◆ Assignment: Restate all of the following data exactly, keeping any images out of the copy.

◆ Recorded information:
- - - - -

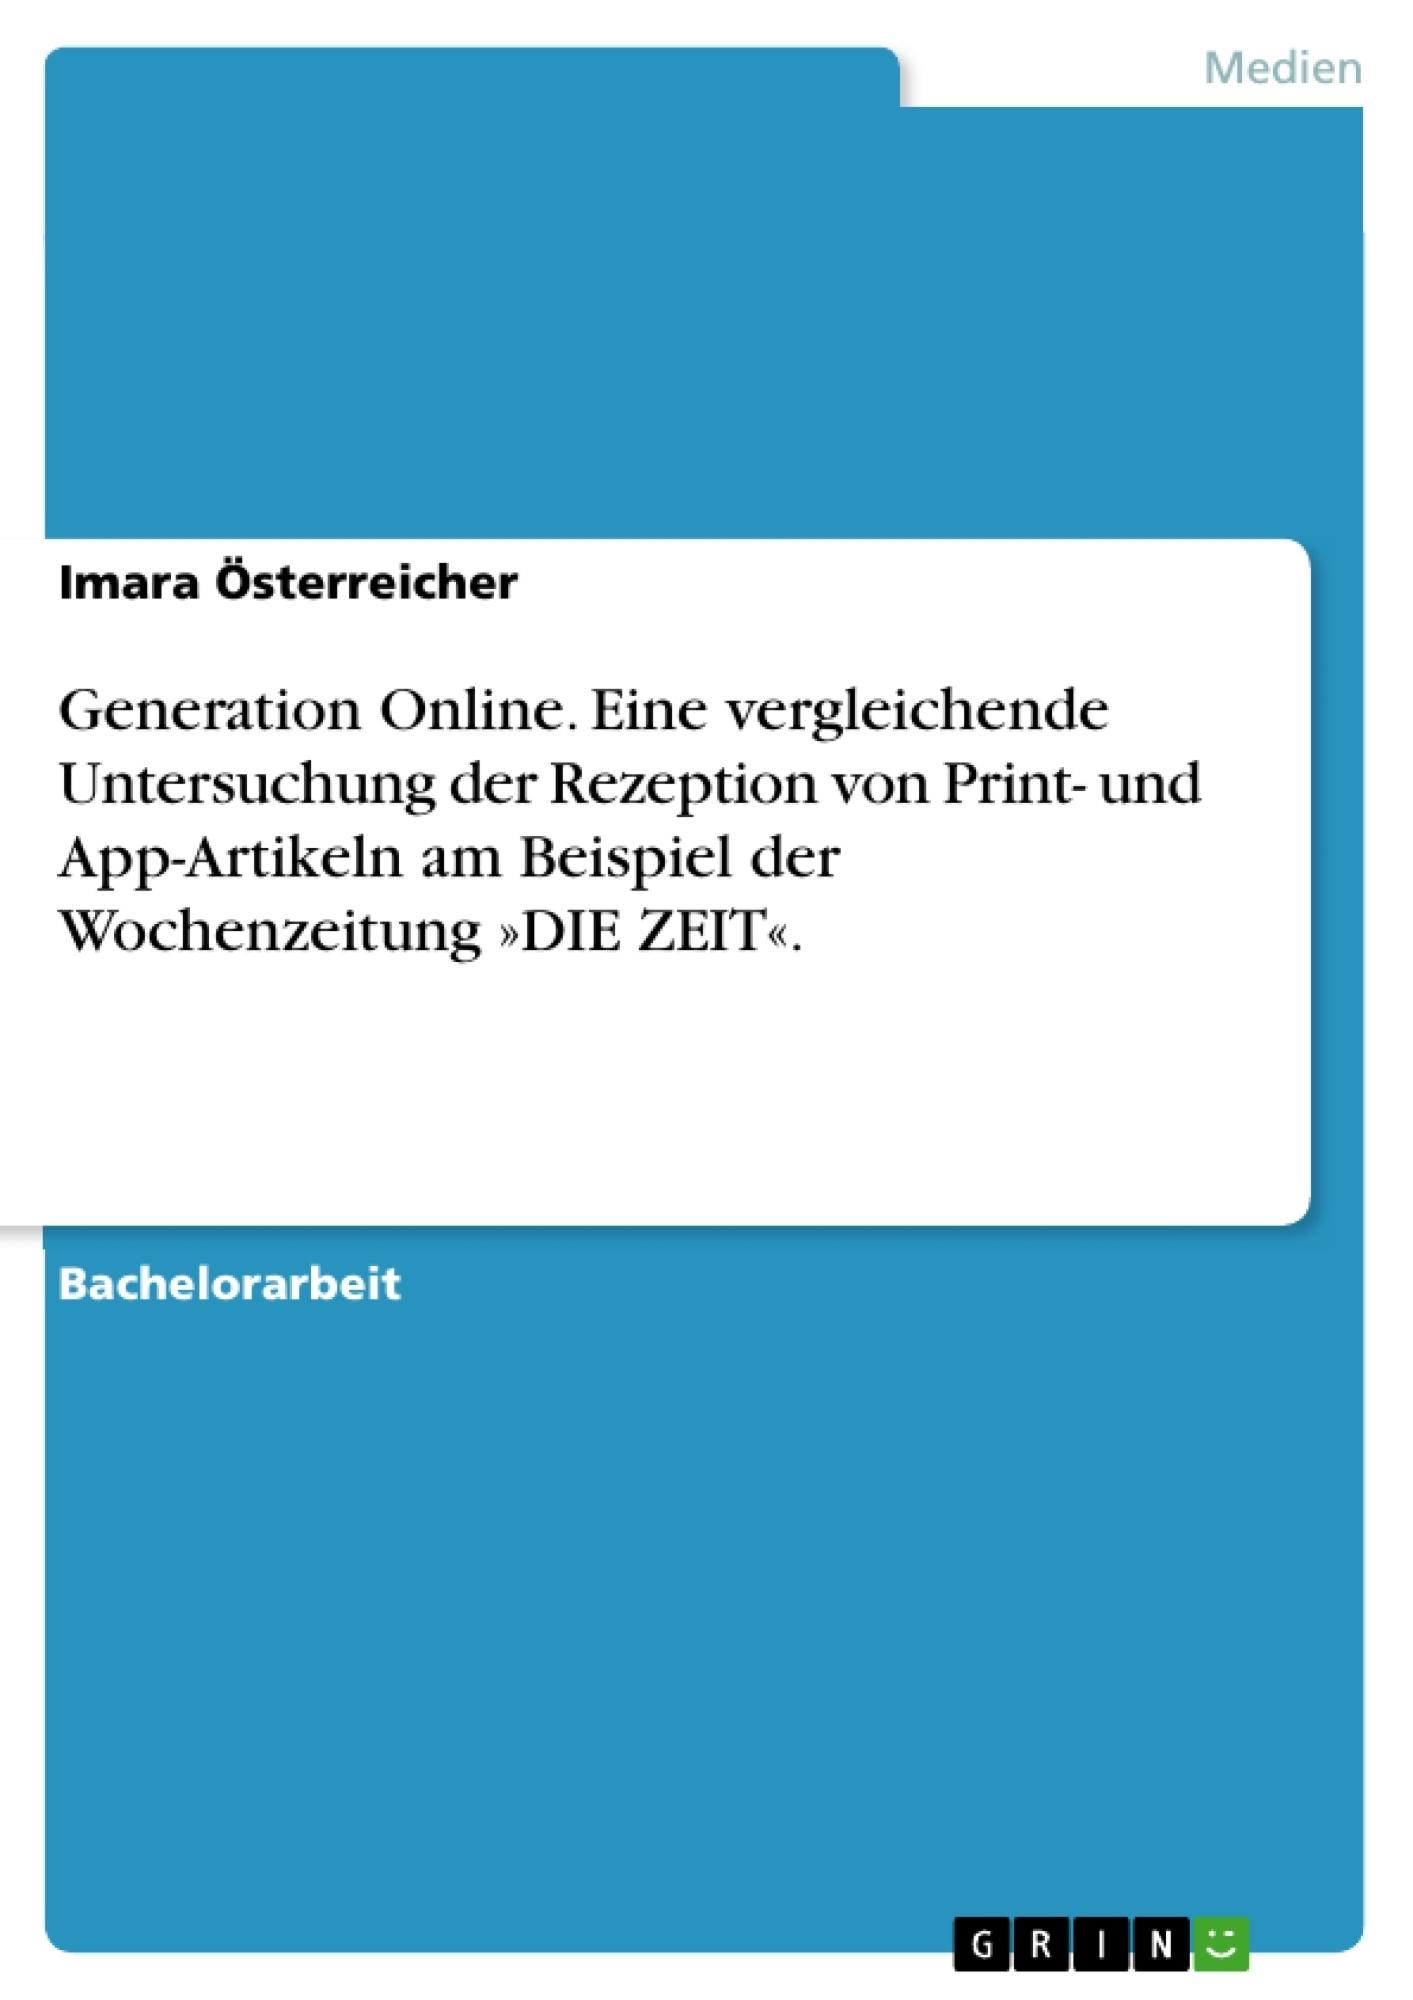 Titel: Generation Online. Eine vergleichende Untersuchung der Rezeption von Print- und App-Artikeln am Beispiel der Wochenzeitung »DIE ZEIT«.
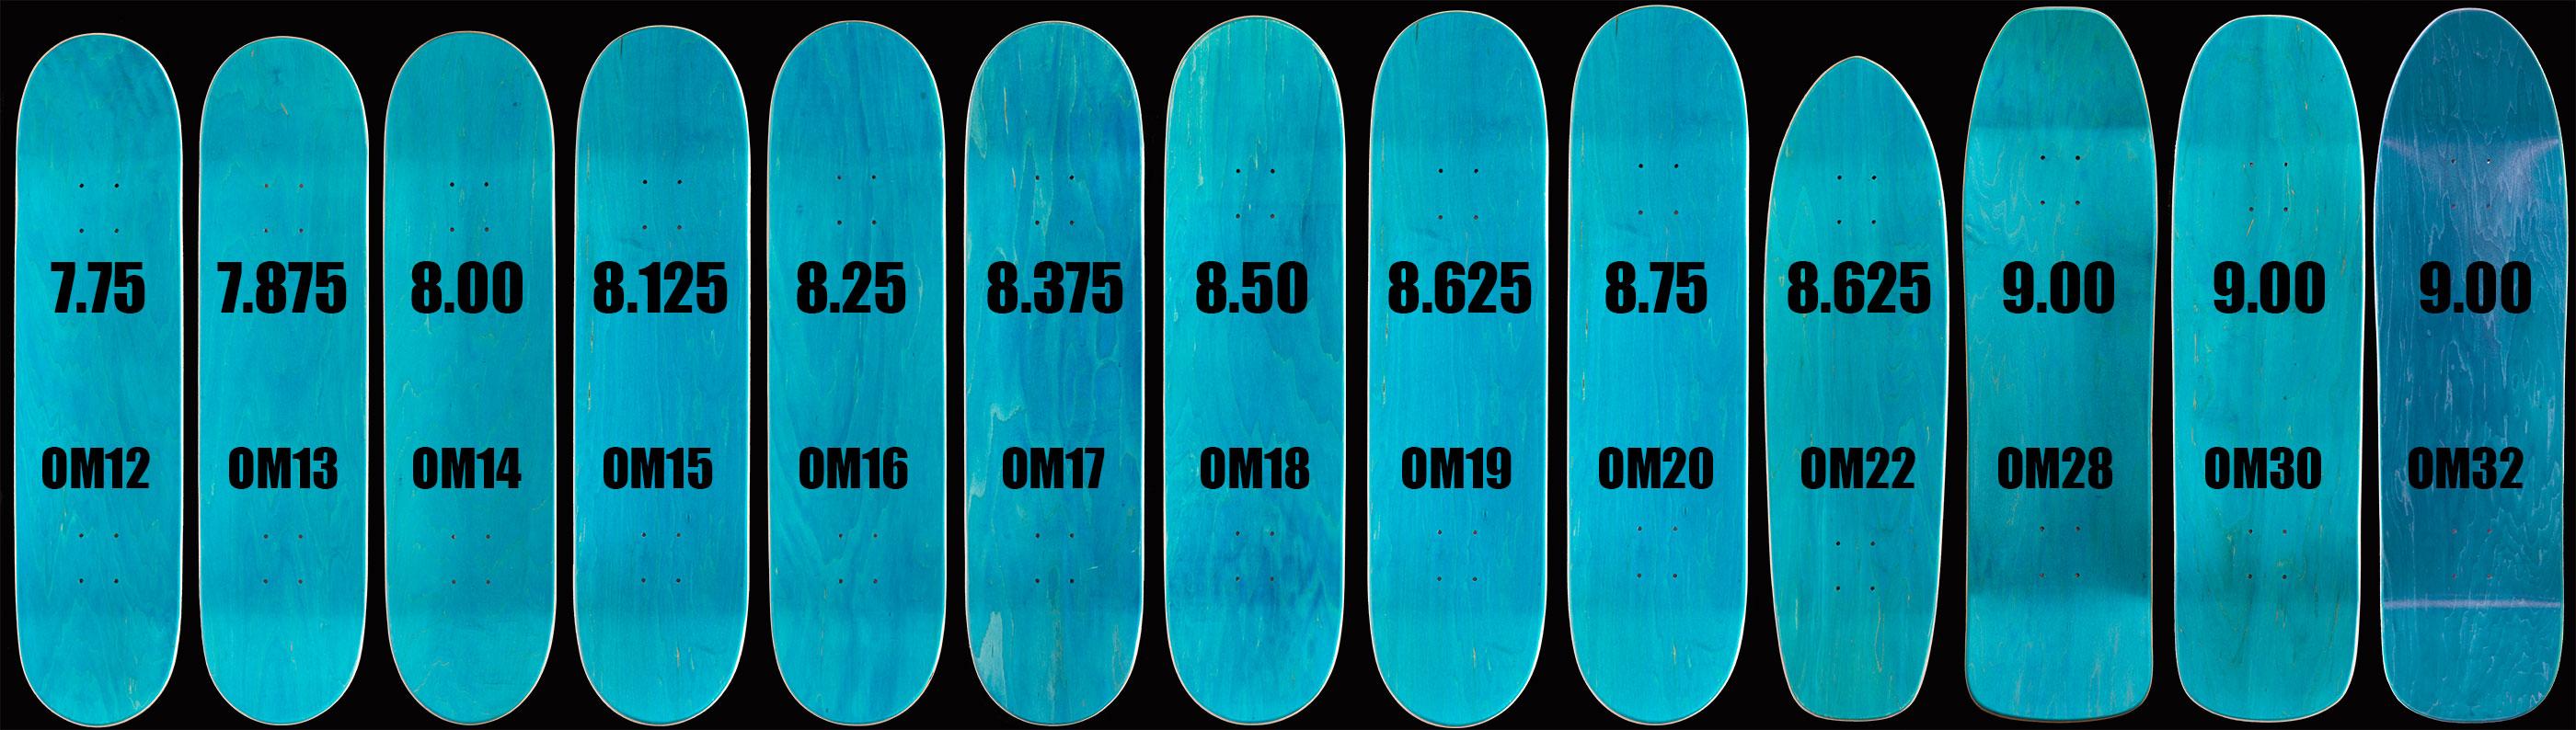 omni-board-range-2018-sml.jpg
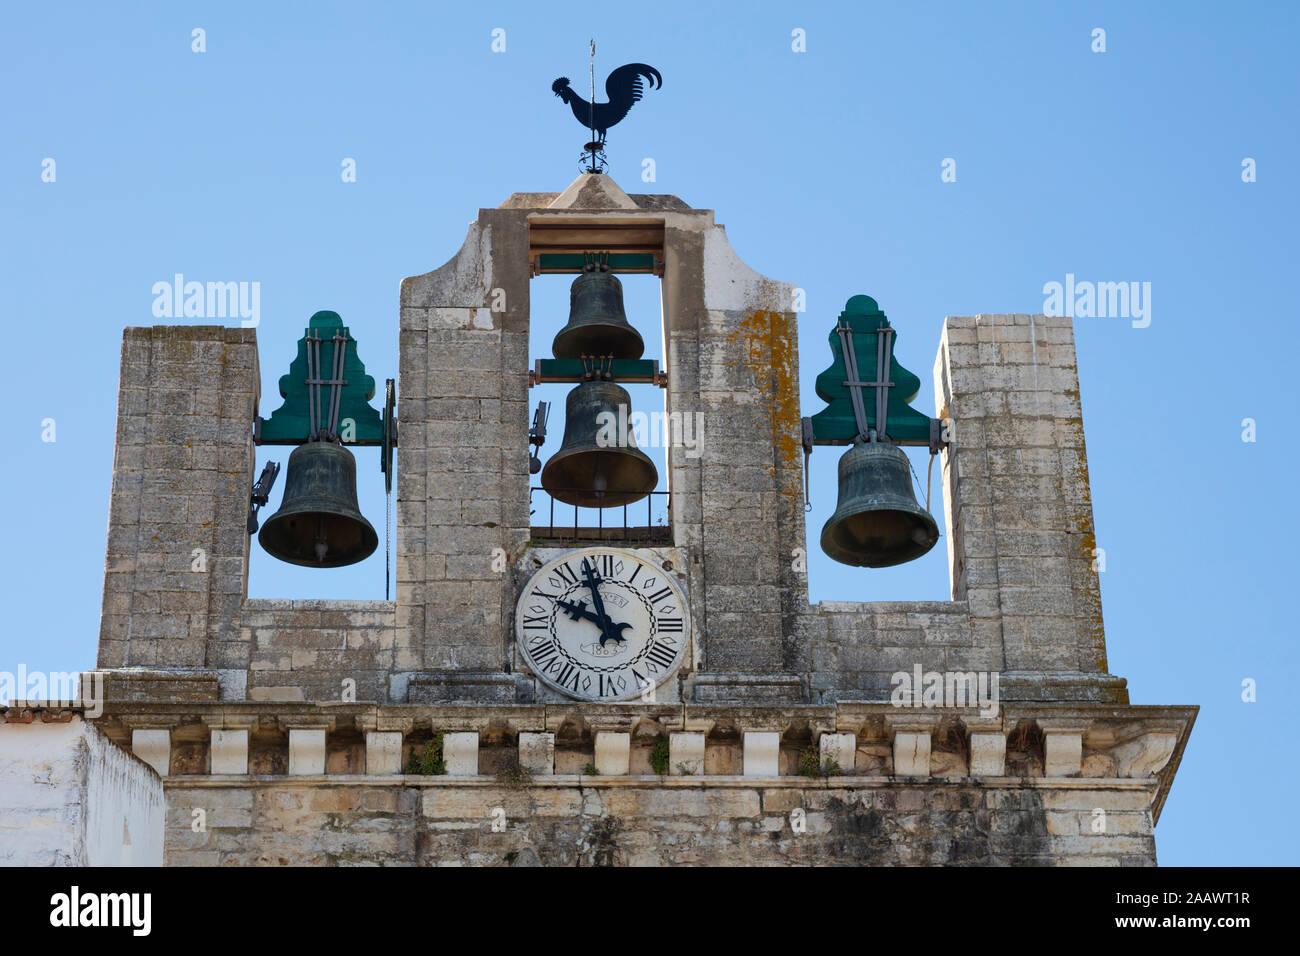 Ángulo de visión baja de campanario contra el cielo claro en Faro, Portugal Foto de stock
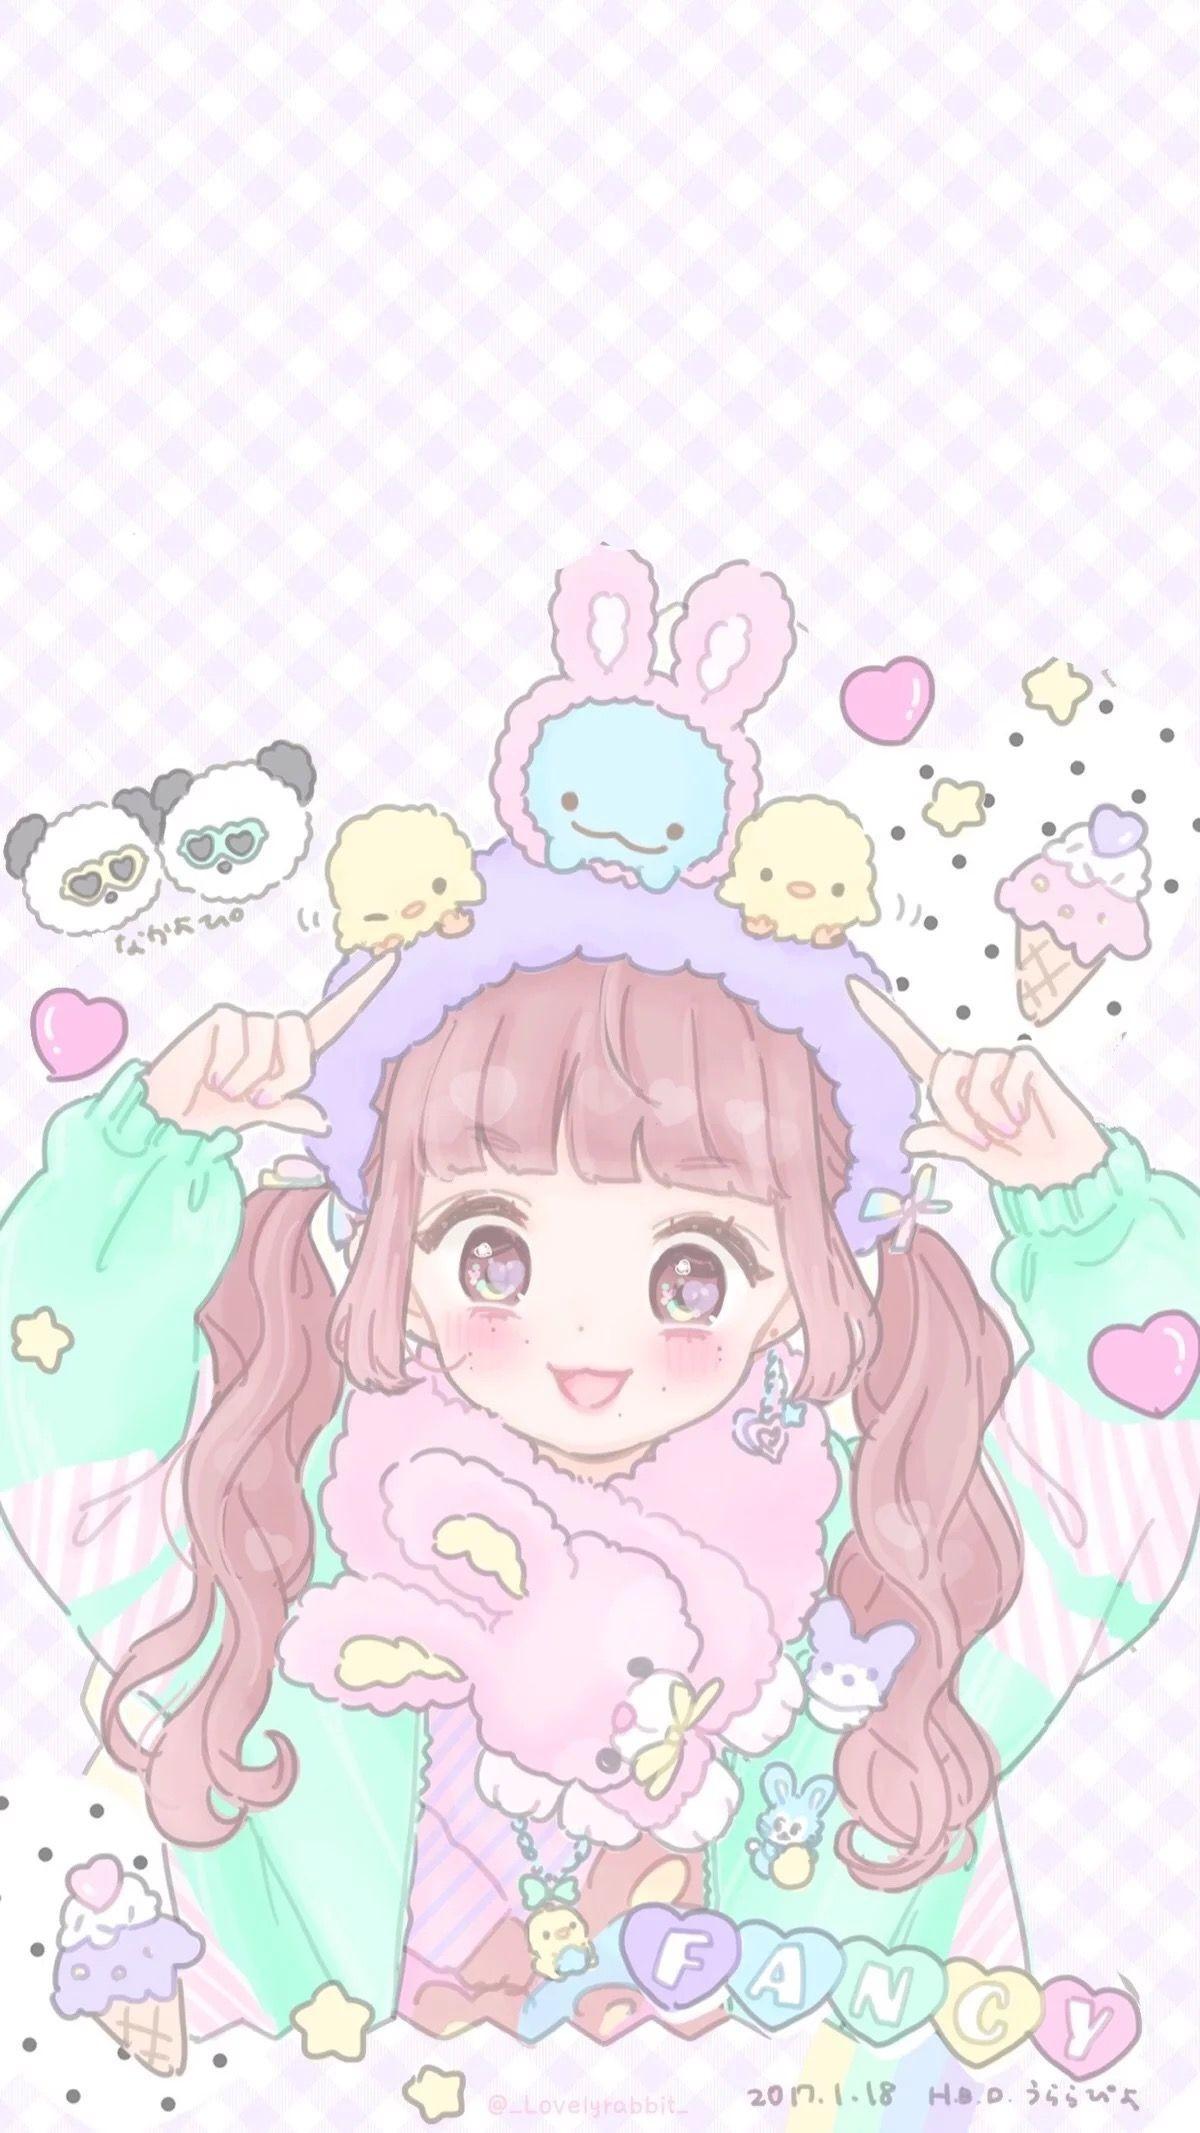 Unicorn Girl Wallpaper : unicorn, wallpaper, Unicorn, Anime, Wallpaper

- - - - -

◆ Written answer:
 Titel: Generation Online. Eine vergleichende Untersuchung der Rezeption von Print- und App-Artikeln am Beispiel der Wochenzeitung »DIE ZEIT«.
 omni-board-range-2018-sml.jpg
 Ángulo de visión baja de campanario contra el cielo claro en Faro, Portugal Foto de stock
 Unicorn Girl Wallpaper : unicorn, wallpaper, Unicorn, Anime, Wallpaper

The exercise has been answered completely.